Княгиня Любская навязала Завольскому в Москву двухпудовую посылочку к какому-то Кукушкину, который, в благодарность за верную доставку, пригласил его к себе. Этот Кукушкин – генерал и большой чудак, несколько похожий и на Богатонова, и на Ижорского {3}, и на других героев комедий и романов г. Загоскина. Он страстный охотник до живописи, в которой ровно ничего не смыслит, разоряется на картины, которыми его надувает русская народная промышленность, и замучил Завольского своею картинною галереею. Прихожая Кукушкина похожа на притон воров и разбойников; пьяные и оборванные лакеи сорвали с Завольского шинель, а один сбил его с ног и заставил растянуться на полу – в доказательство неоспоримого превосходства чисто русских обычаев над европейскими. Кукушкин знакомит гостя с женою и племянницею.
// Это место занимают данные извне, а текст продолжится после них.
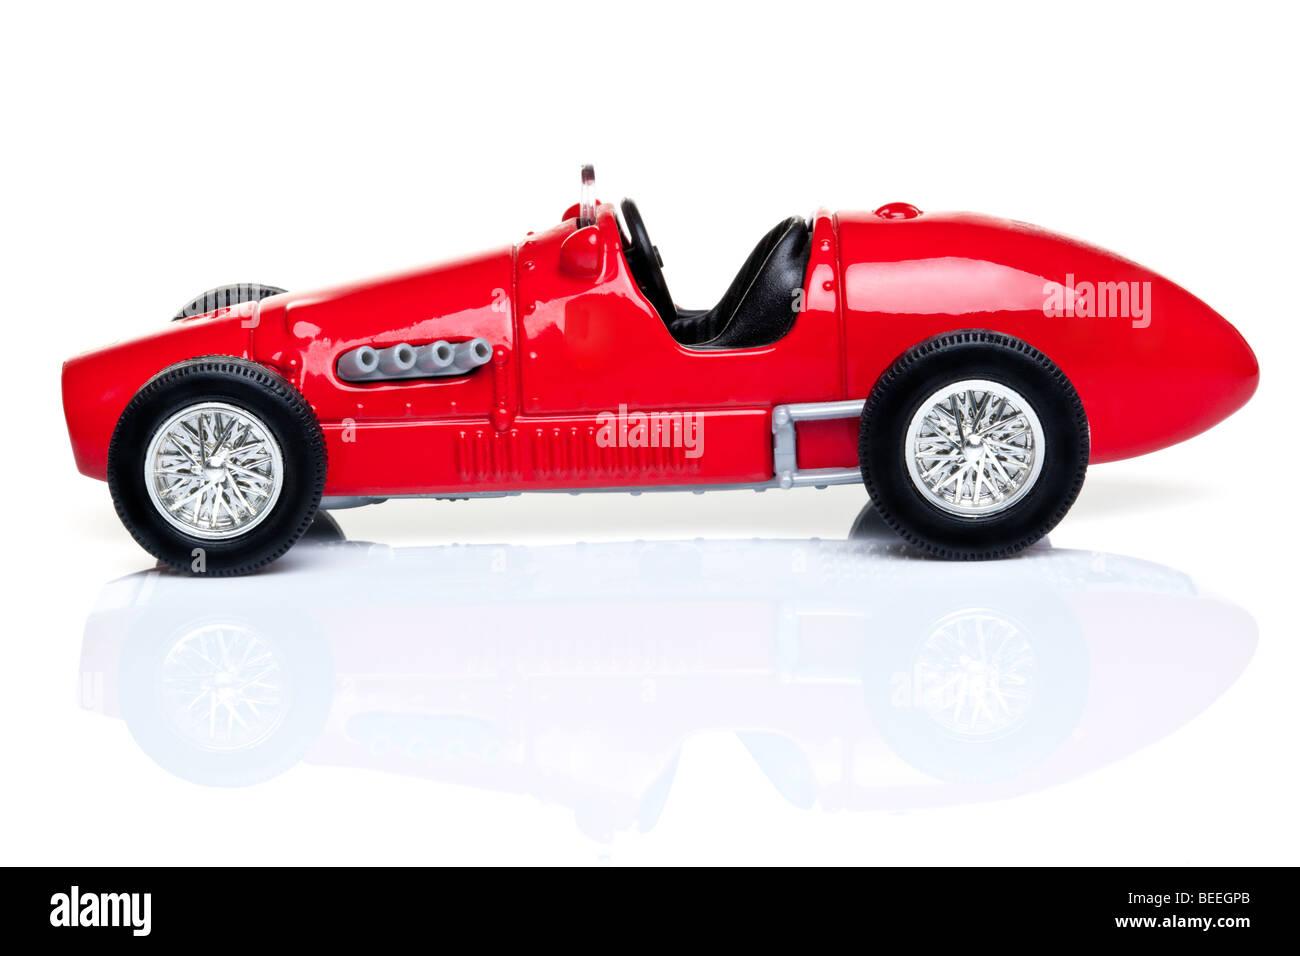 Racing Car Stock Photos & Racing Car Stock Images - Alamy

Надобно сказать, что «ангельский» голосок не выходил из головы у бедного Завольского; он влюбился в него насмерть и советовался с своим лакеем Никанором (с которым мы после познакомим наших читателей: он второе лицо в романе), при каком лице можно иметь такой голос; но ни сам он, ни Никанор ничего не решили. Когда он стал подходить к ручке барышни (это было еще далеко «до француза» {4}– в начале текущего столетия), то весьма сконфузился, «с трудом мог выговорить два-три слова и сказал совсем не то, что хотел сказать». Эта барышня – Софья Николаевна Ладогина. Лишь только она заговорила… «Боже мой! этот голос»… и прочая. Кузьма Петрович приглашает его сделаться москвичом, говоря: «Ведь у нас здесь рай земной». Завольский пользуется случаем сделать претонкий намек на впечатление, которое произвела на него прекрасная обладательница «ангельского» голоса, и с таким приличным обстоятельству восторгом воскликнул: «О, вы совершенно правы! здесь точно рай земной!», что Софья Николаевна «вдруг вспыхнула и стала еще прекраснее». Наконец он открывается ей, кто тот «кавалер», которому она обязана возвращением своих перчаток, и окончательно влюбляется. Тут вошла Федосья Юрьевна Костоломова с сестрицею, и между ими и хозяйкою, Марьею Ивановною, болтуньею в высшей степени и обожательницею мосек, пошли сплетни и толки. Чрез несколько минут приехали Агриппина Карповна Морганцева и племянница ее, стройная «барышня» лет восьмнадцати, с грустным выражением лица. Так как Софья Николаевна называла ее Любовью, то Завольскому и нетрудно было догадаться, что это та самая приятельница, с которою она была в саду.